Southern Star August 1 2015
SIR – In recent days we have been subjected to a spate of silly season scare stories about seagulls attacking dogs, terrorising sheep in Kerry, diving like Stukas from the Nazi air force on cross country ramblers and cyclists and ‘colonising’ entire fields.
As the stories got bigger with the telling and the beer flowed in the pubs, imaginations ran wild, fuelling even darker fears of the kind explored in Hitchcock’s horror movie, The Birds, and Senator Denis O’Donovan rose to the occasion, as he saw it, by demanding a cull. Similar calls have been doing the rounds on social media and in thousands of phone texts criss-crossing the land
The Senator’s outrage against the gulls reminded me of another debate, back in the mid 1970s, when a politician claimed that hares could remove babies from prams if not controlled and kept under constant observation by coursing clubs.

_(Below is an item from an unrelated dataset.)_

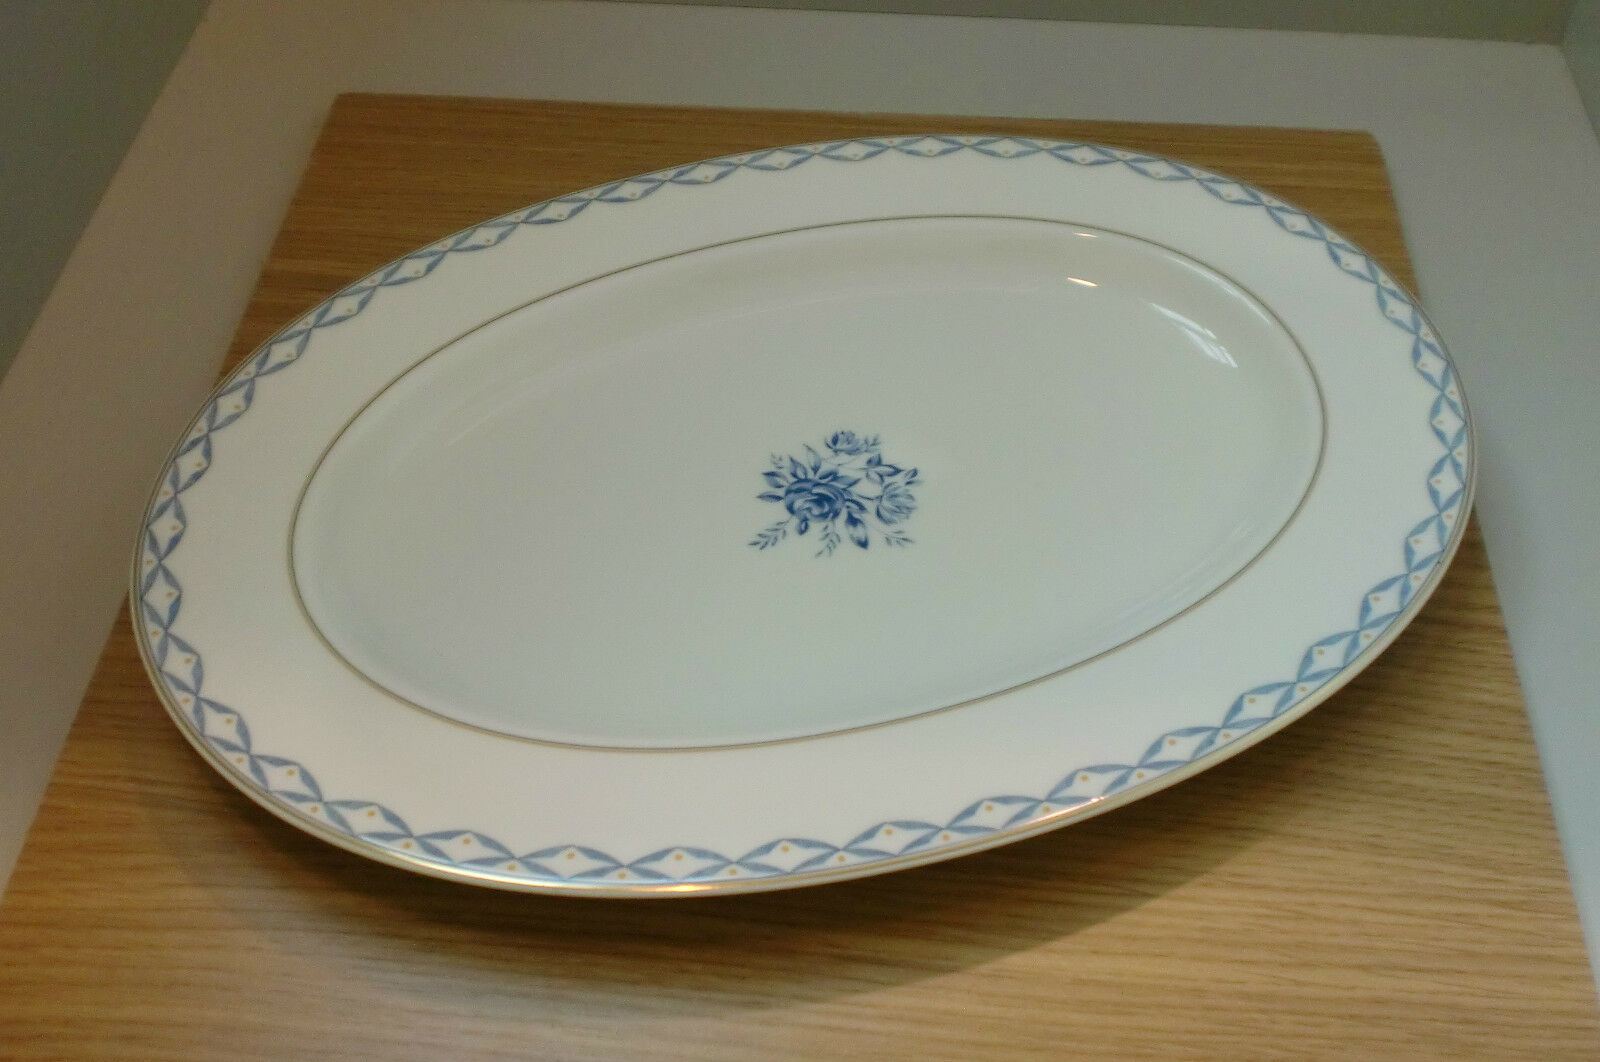 Hutschenreuther Hutschenreuther Hutschenreuther Blau Romance Platte oval 39 cm acd448
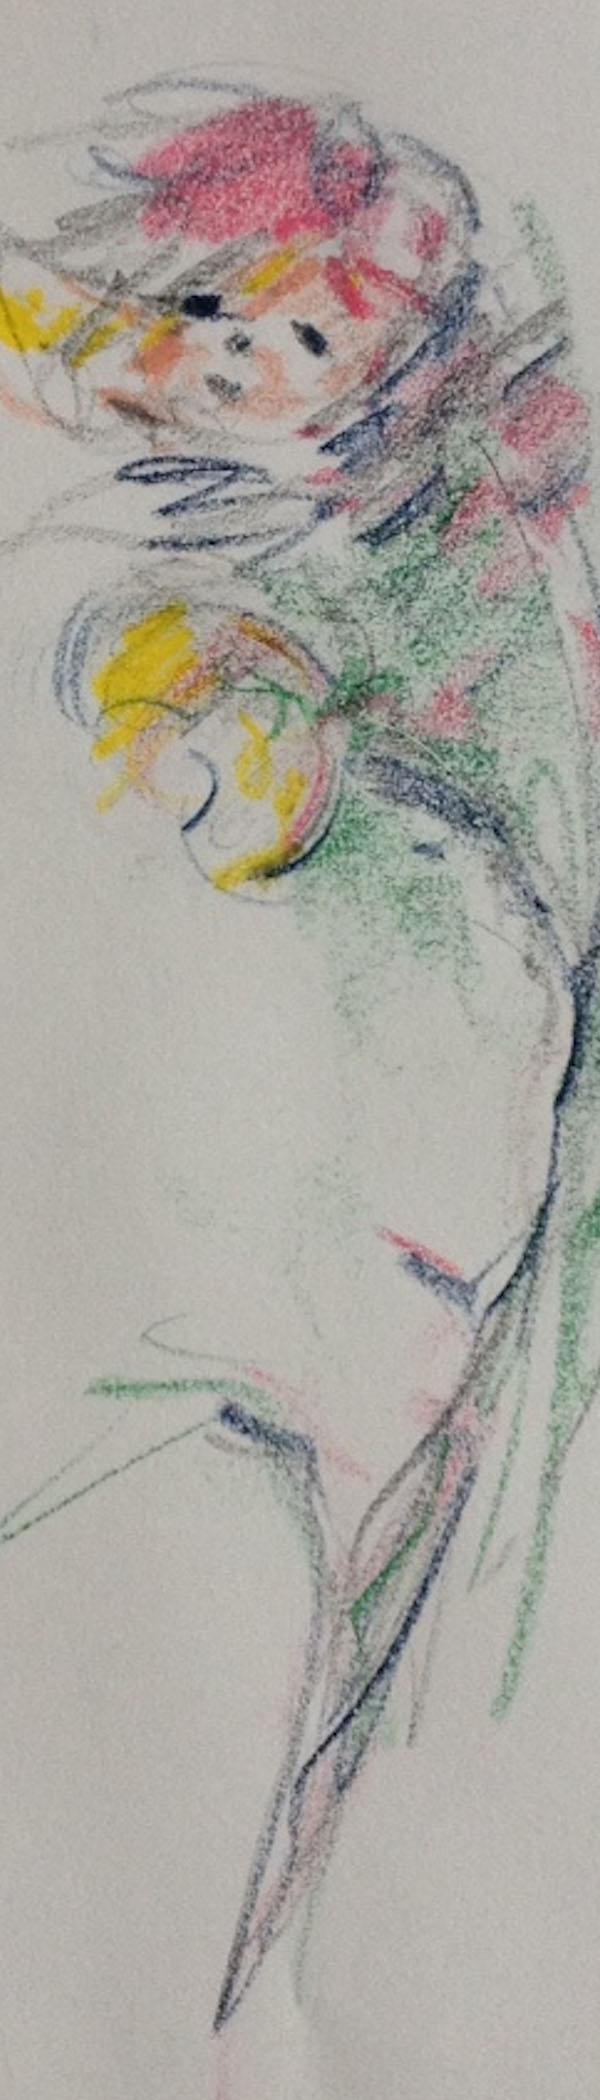 Lisa Winer

Let’s not get carried away by anti-gull hysteria. This breathtakingly beautiful creature is part of the fabric of the planet’s avian environment, a graceful bird that occupies a special place in the literature and folklore of many island nations. Gulls add a musical resonance to a walk along a coastline or the country roads a little further inland. The seas and oceans of the world would be dull indeed without them.
In Ireland they are a protected species and that status should not be altered in the slightest. Bird brained calls for mass killing of them are motivated by ignorance of their intrinsic value to the eco-system, their remarkable intelligence and highly evolved social structures.
Senator O’Sullivan and other members of the Oireachtas who share his analysis of bird behaviour are entitled to their views, but let’s not rush to judgement and scapegoat our feathered if occasionally strident friends. We’ve been gulled by politicians for long enough in this country!